I was able to download information on 242,528 movies released between 1970 and 2019 inclusive. The information that IMDb gave me for each one was: Rank, Title, ID, Year, Certificate, Rating, Votes, Metascore, Synopsis, Runtime, Genre, Gross, and SearchYear.

To have enough information to analyze, I needed a minimum number of reviews per movie, so the first thing that I did was to filter movies with less than 500 reviews. This resulted in a set of 33,296 movies, and in the next table, we could see a summary analysis of its fields:

Field	Type	Null Count	Mean	Median
Rank	Factor	0
Title	Factor	0
ID	Factor	0
Year	Int	0	2003	2006
Certificate	Factor	17587
Rating	Int	0	6.1	6.3
Votes	Int	0	21040	2017
Metascore	Int	22350	55.3	56
Synopsis	Factor	0
Runtime	Int	132	104.9	100
Genre	Factor	0
Gross	Factor	21415
SearchYear	Int	0	2003	2006

Note: In R, Factor refers to strings. Rank and Gross are that way in the original IMDb dataset due to having, for example, thousands of separators.

Before starting to refine the score, I had to further analyze this dataset. For starters, the fields Certificate, Metascore, and Gross had more than 50% of null values so they aren’t useful. Rank depends intrinsically on Rating (the variable to refine), therefore, it doesn’t bear any useful information. The same is true with ID in that it’s a unique identifier for each movie.

Finally, Title and Synopsis are short text fields. It could be possible to use them through some NLP technique, but because it’s a limited amount of text, I decided not to take them into account for this task.

After this first filter, I was left with Genre, Rating, Year, Votes, SearchYear, and Runtime. In the Genre field, there was more than one genre per movie, separated by commas. So to capture the additive effect of having many genres, I transformed it using one-hot encoding. This resulted in 22 new boolean fields—one for each genre—with a value of 1 if the movie had this genre or 0 otherwise.

IMDb Data Analysis

To see the correlations between variables, I calculated the correlation matrix.

A correlation matrix among all the remaining original columns and the new genre columns. Numbers close to zero result in blank spaces in the grid. Negative correlations result in red dots and positive correlations in blue dots. The dots are larger and darker the stronger the correlation is. (Visual highlights are described in the main article text.)

Here, a value close to 1 represents a strong positive correlation, and values close to -1 a strong negative correlation. By this graph, I made many observations:

Year and SearchYear are absolutely correlated. This means that they probably have the same values and that having both is the same as having only one, so I kept only Year.
Some fields had expected positive correlations, such as:
- Music with Musical
- Action with Adventure
- Animation with Adventure
Same for negative correlations:
- Drama vs. Horror
- Comedy vs. Horror
- Horror vs. Romance
Related to the key variable (Rating) I noticed:
- It has a positive and important correlation with Runtime and Drama.
- It has a lower correlation with Votes, Biography, and History.
- It has a considerably negative correlation with Horror and a lower negative one with Thriller, Action, Sci-Fi, and Year.
- It doesn’t have any other significant correlations.

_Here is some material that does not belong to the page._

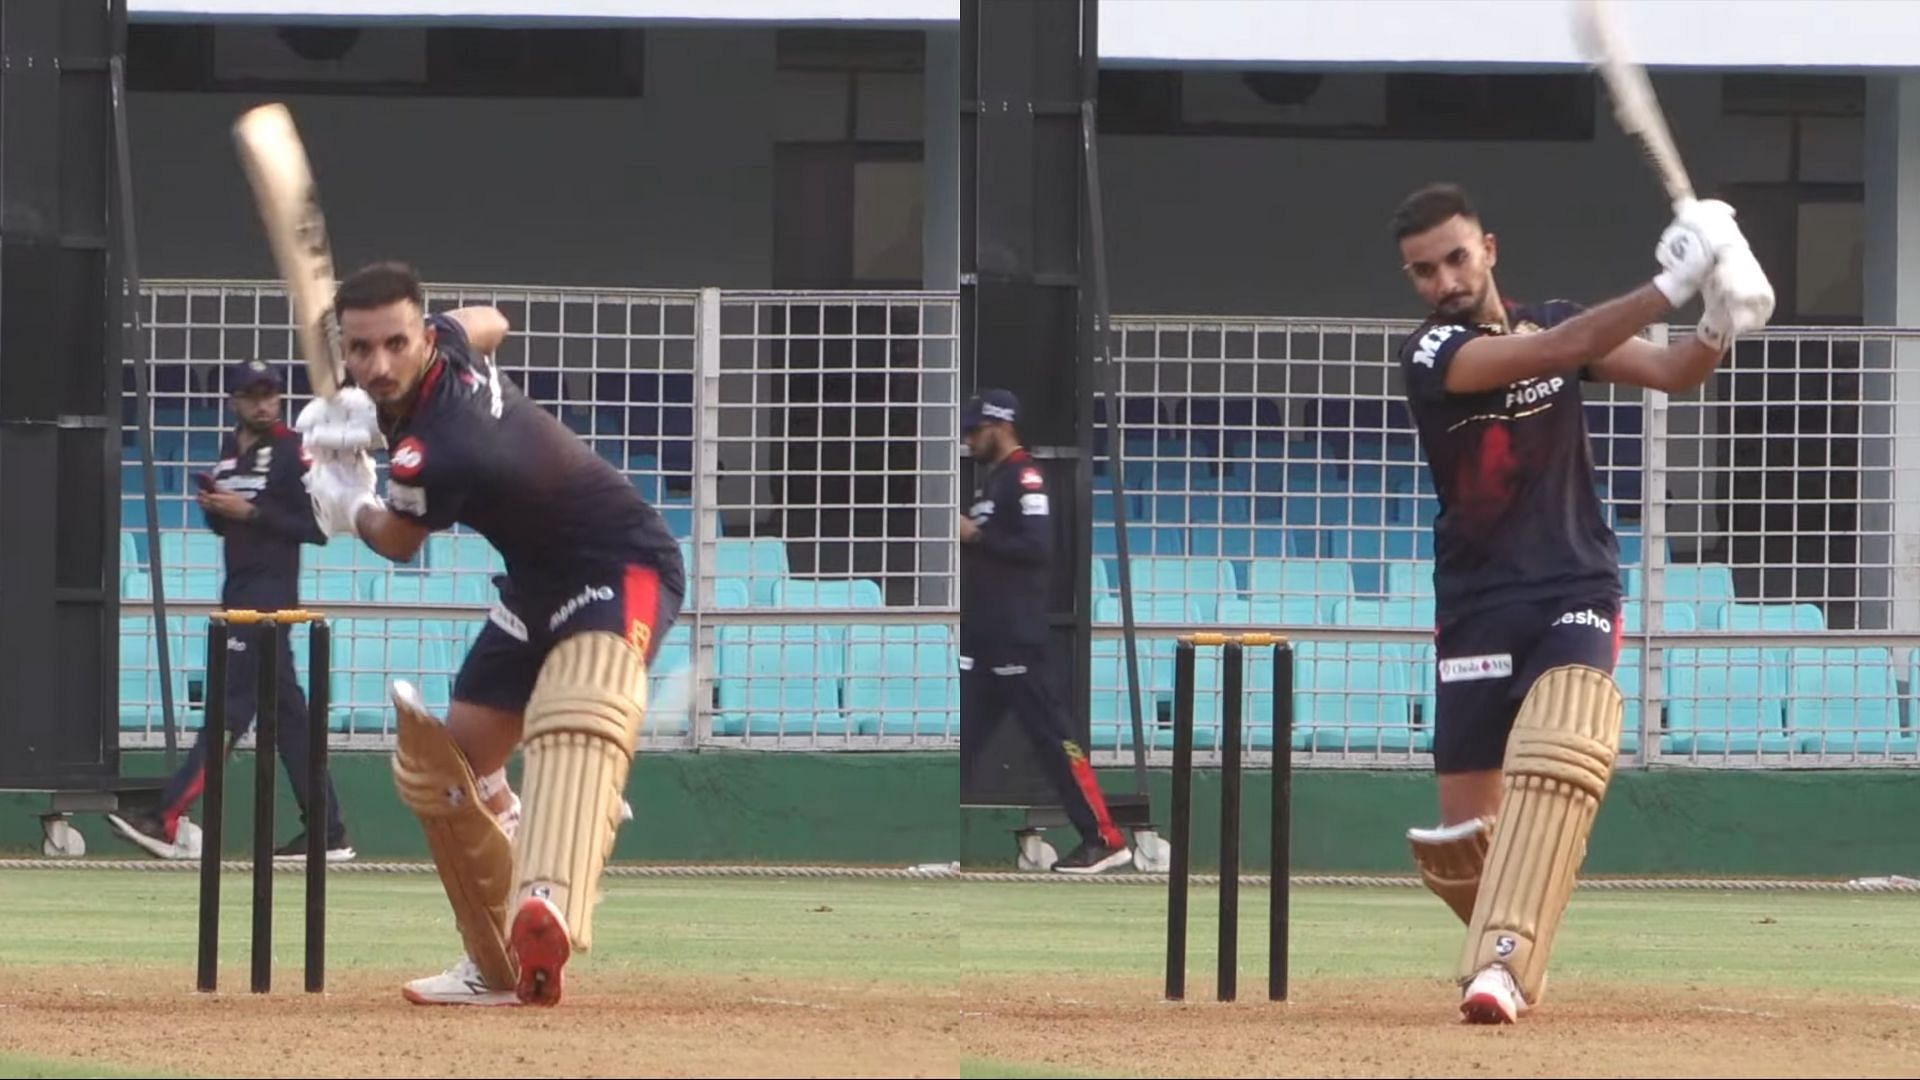 Harshal Patel has been working hard on his batting skills in the training sessions. (Image Source: RCB/YouTube)

It seemed to be that long dramas were well-rated, while short horror movies weren’t. In my opinion—I didn’t have the data to check it—it didn’t correlate with the kind of movies that generate more profits, like Marvel or Pixar movies.

It could be that the people who vote on this site are not the best representative of the general people criterion. It makes sense because those who take the time to submit reviews on the site are probably some sort of movie critics with a more specific criterion. Anyway, my objective was to remove the effect of common movie features, so I tried to remove this bias in the process.

Genre Distribution in the IMDb Rating System

The next step was to analyze the distribution of each genre over the rating. To do that, I created a new field called Principal_Genre based on the first genre that appeared in the original Genre field. To visualize this, I made a violin graph.

A violin plot showing the rating distribution for each genre.

One more time, I could see that Drama correlates with high ratings and Horror with lower. However, this graph also revealed other genres as having good scores: Biography and Animation. That their correlations didn’t appear in the previous matrix was probably because there were too few movies with these genres. So next I created a frequency bar plot by genre.

A bar graph showing how many movies of each genre were in the database. Comedy, Drama, and Action had frequencies around 6,000 or above; Crime and Horror were above 2,000; the rest were under 1,000.

Effectively, Biography and Animation had very few movies, as did Sport and Adult. For this reason, they are not very well correlated with Rating.

Other Variables in the IMDb Rating System

After that, I started to analyze the continuous covariables: Year, Votes, and Runtime. In the scatter plot, you can see the relation between Rating and Year.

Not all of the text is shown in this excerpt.